There are many different anode types which can be used for particular kinds of structures or environmental conditions. Each has different mounting and design characteristics and delivers different resistance to the electrolyte and utilization factors. Each different anode type requires slightly different parameters in anode design. The most common anode types are included in the CivilWeb Cathodic Protection Design spreadsheet and are detailed below.
Stand-Off Anodes
These anodes are designed to be installed with a small gap between the anodic material and the protected structure. The stand-off anode type delivers the smallest resistance and largest utilization factor and therefore is the most efficient type of anode to use for marine infrastructure. They are often specified for large offshore applications and can be cast with several hundred kilograms of anodic material in a single anode.
However, due to the size of the anodes and the fact they stand-off from the protected structure by around 300mm, drag forces from sea currents can be significant. In other applications stand-off anodes would impede the operation or maintenance of the structure or present a hazard to divers or craft operating nearby.
Flush Mounted Anodes
Flush mounted anodes have a higher resistance and lower utilization factor than stand-off anodes making them less efficient. In cases where drag forces would be too high for stand-off anodes or stand-off anodes are prohibited for operational reasons, flush mounted anodes are often specified.
The protection structures must include a suitable coating between the structure and the anode. This prevents the build-up of anode corrosion products on the surface of the structure which can cause distortion and even failure of the anode fastenings. A marine grade paint coating of at least 100 μm DFT shall generally be sufficient.
Bracelet Anodes
Bracelet anodes are often used on pipeline protection projects. They are also used to protect piles where stand-off anodes are prohibited due to excessive drag forces or for operational reasons.
They have a relatively high resistance and low utilization factor compared with stand-off or flush mounted anodes.
Anode Type Utilization Factor
This factor is used in the calculation of the anodes final period performance. Cathodic protection systems are designed so that the anodes have sufficient current output at the end of their lives that the structure could be repolarized if it becomes depolarized for example due to a storm.
The anode utilization factor is used to estimate the minimum amount of anodic material which remains at the end of the anodes design life. After this point the anodes current output and polarizing capacity becomes unpredictable due to the loss of support for the anodic material or due to a rapid increase in the anodes resistance to the electrolyte caused by other factors. For this reason care should be taken that the anode insert is designed so that the anodic material is still supported when the anode has reached its design utilization factor.
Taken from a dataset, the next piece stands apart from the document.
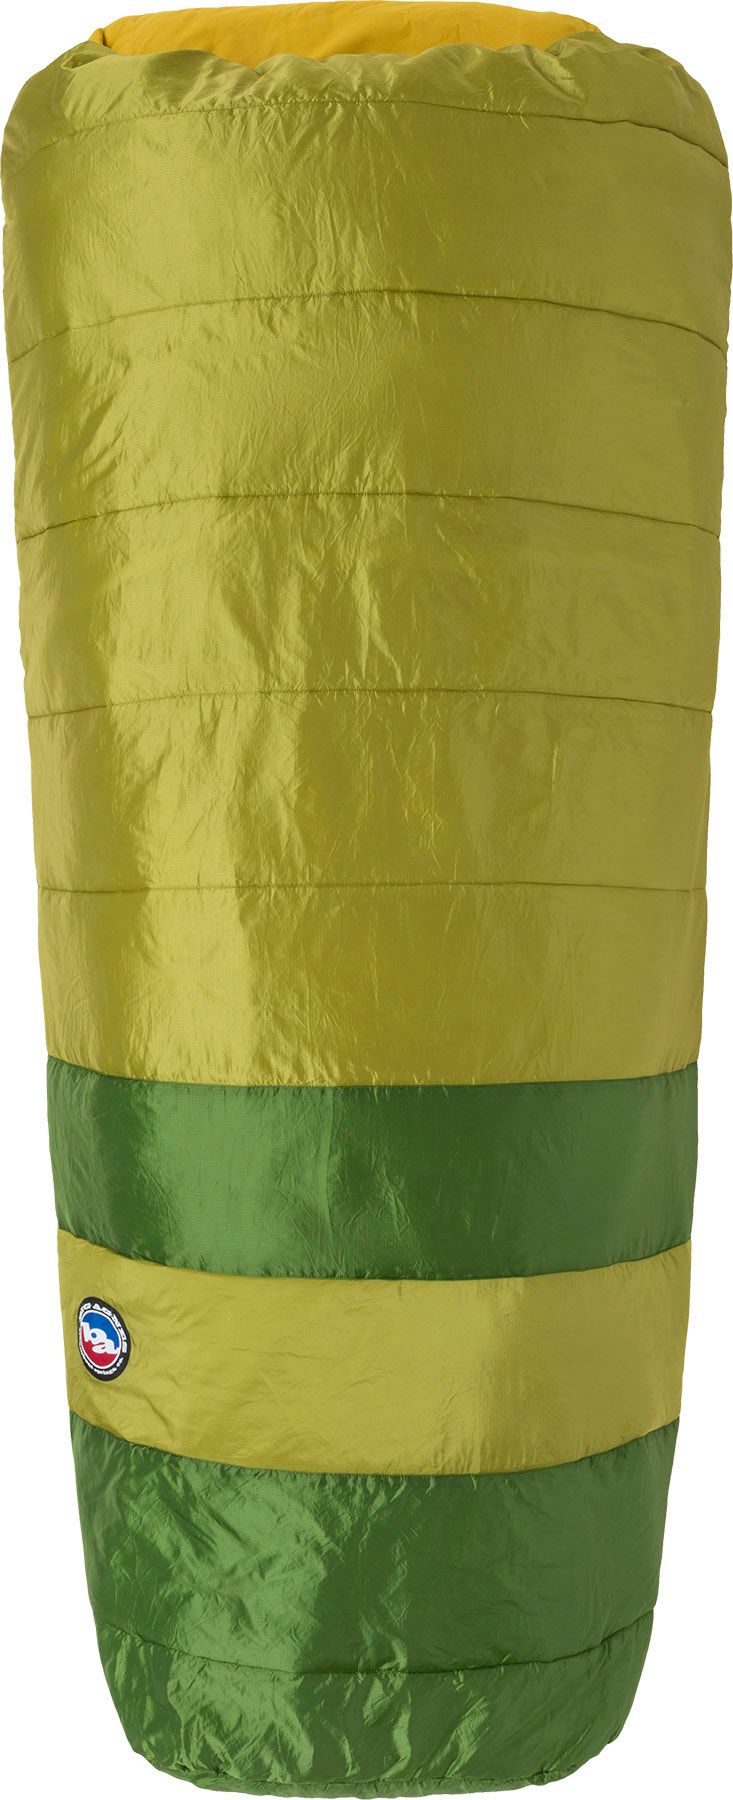 Photos - Suitcase / Backpack Cover Big Agnes Echo Park 40 Sleeping Bag, Men's, Long, Green/Olive 21TUMUCHPRK4

The utilization factor is presented as a ratio or percentage of the original volume of anodic material. The anodes utilization factor is dependent on the anode type, dimensions and the location of the steel insert core. The anode manufacturer should advise on this value. Otherwise typical values can be used based on the anode type, such as those presented below taken from DNVGL-RP-B401;
The CivilWeb Cathodic Protection Design spreadsheet uses the utilization factor to determine the volume of anodic material remaining at the end of the anodes design life. This volume is used to estimate the anodes dimension, including a typical length reduction of around 10%. These anode dimensions are then used to calculate the anodes current output at the end of its design life. This is then checked to ensure that the anode could still repolarize the protected structure if required.